**PROVIDED RECORDS**

──────

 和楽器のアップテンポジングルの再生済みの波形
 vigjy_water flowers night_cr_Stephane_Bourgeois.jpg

──────

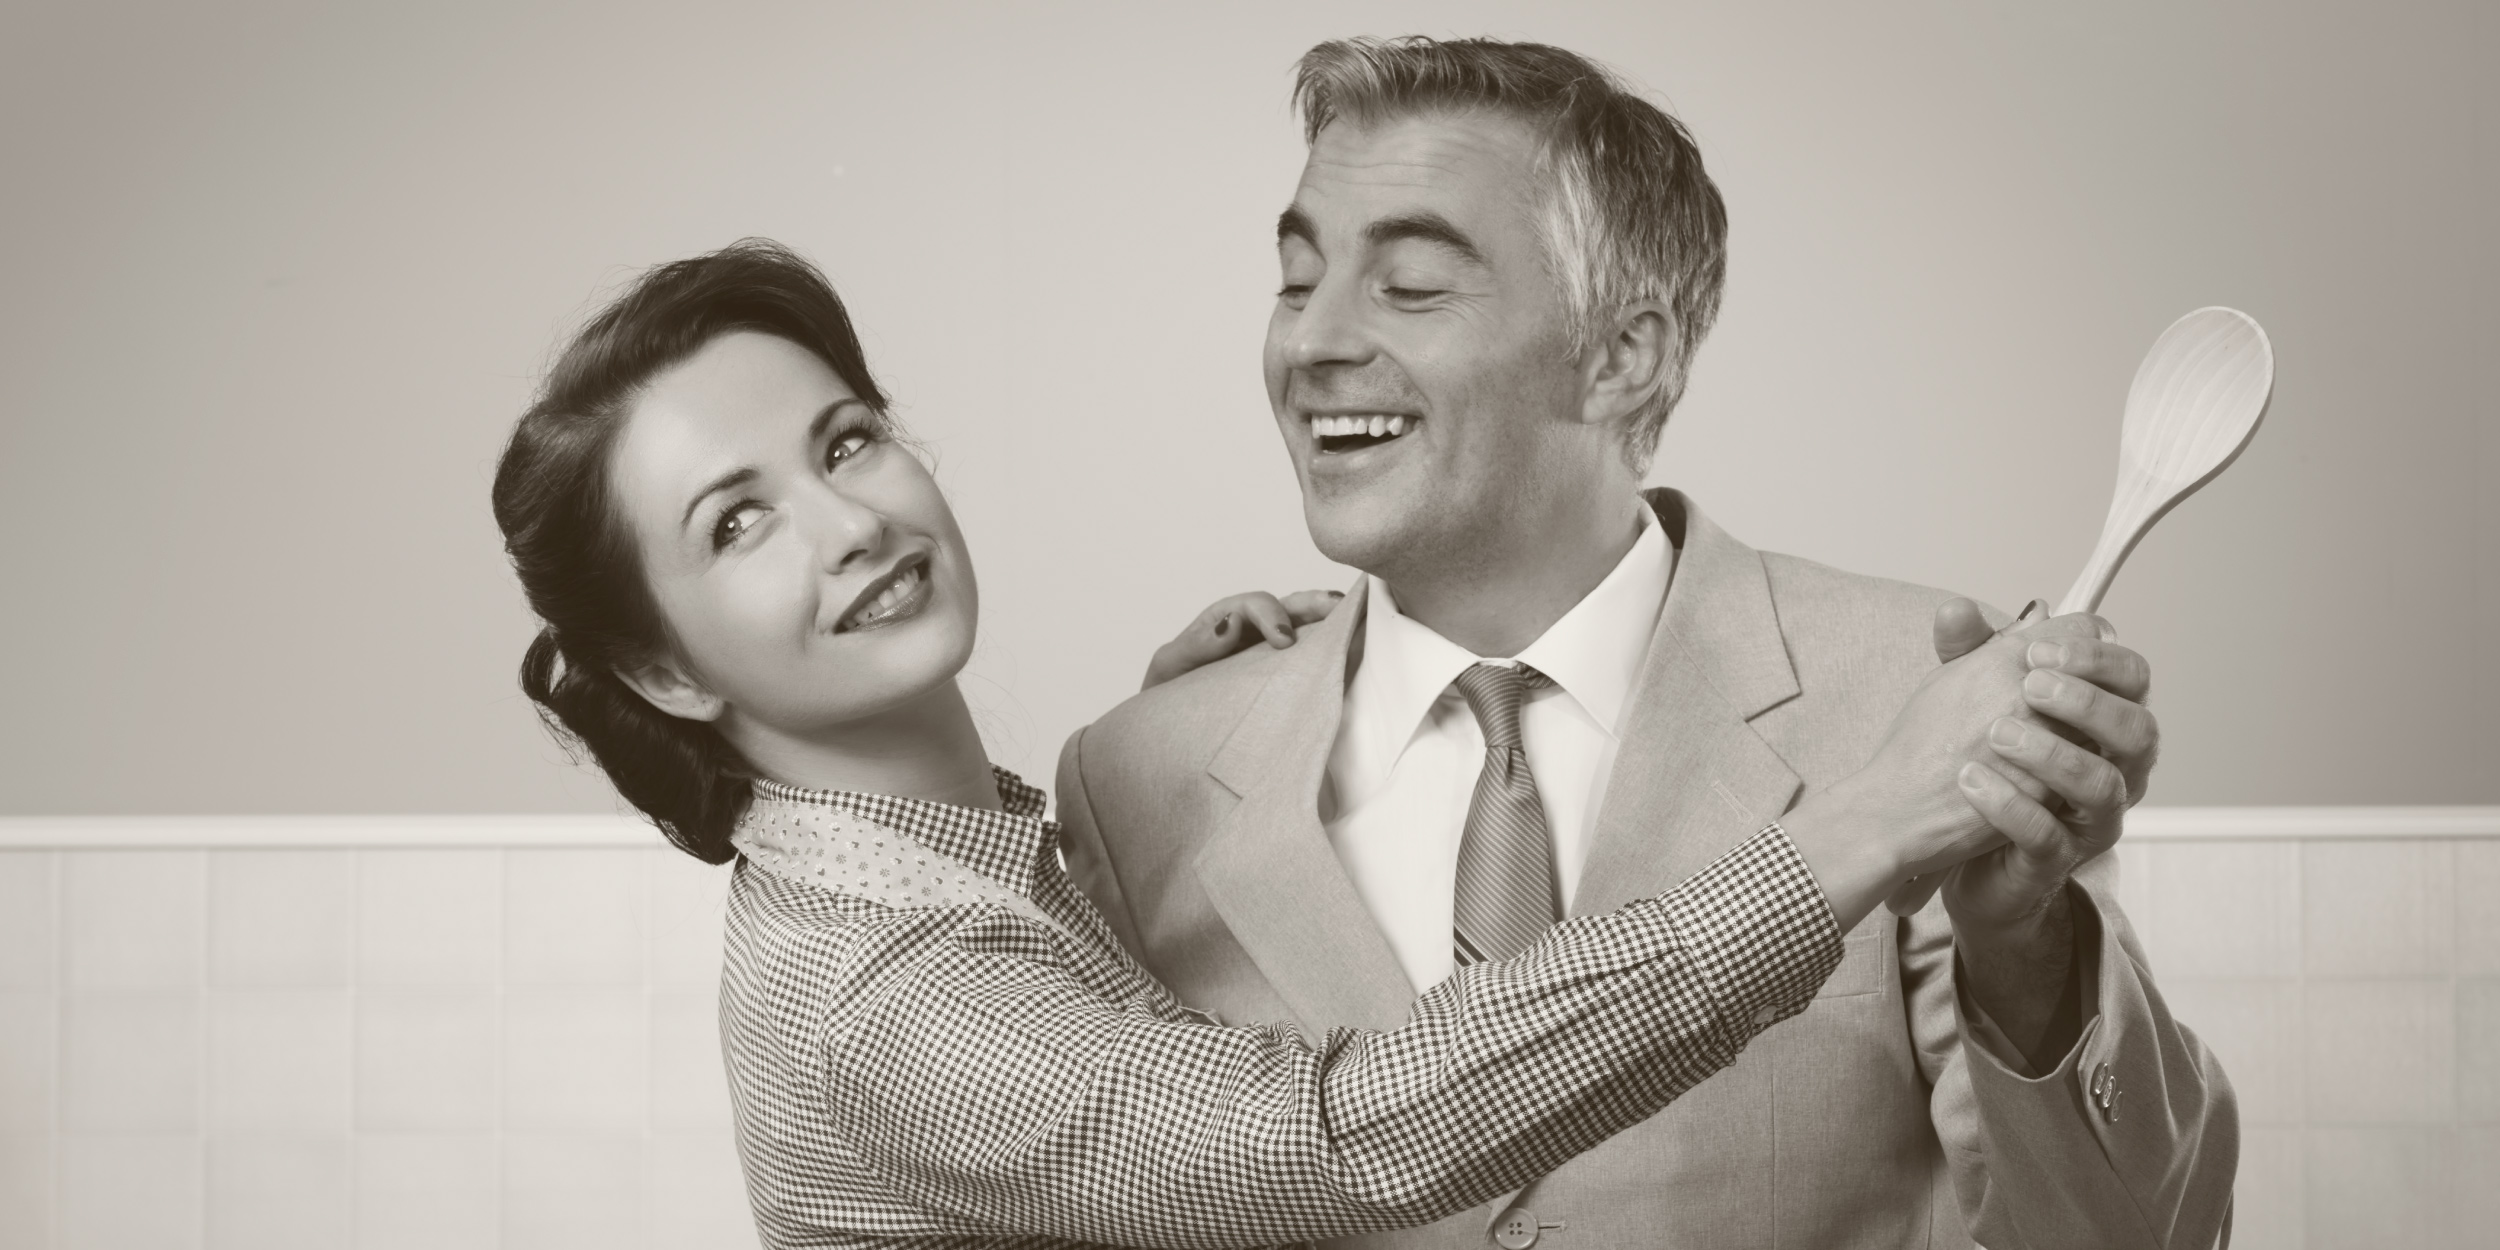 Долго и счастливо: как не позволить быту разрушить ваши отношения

──────

Reproduce, word for word and in full, only the lines above that start at the line with "和楽器のアップテンポジングルの再生済みの波形" and run through the line with "vigjy_water flowers night_cr_Stephane_Bourgeois.jpg", both ends included.

 和楽器のアップテンポジングルの再生済みの波形
 vigjy_water flowers night_cr_Stephane_Bourgeois.jpg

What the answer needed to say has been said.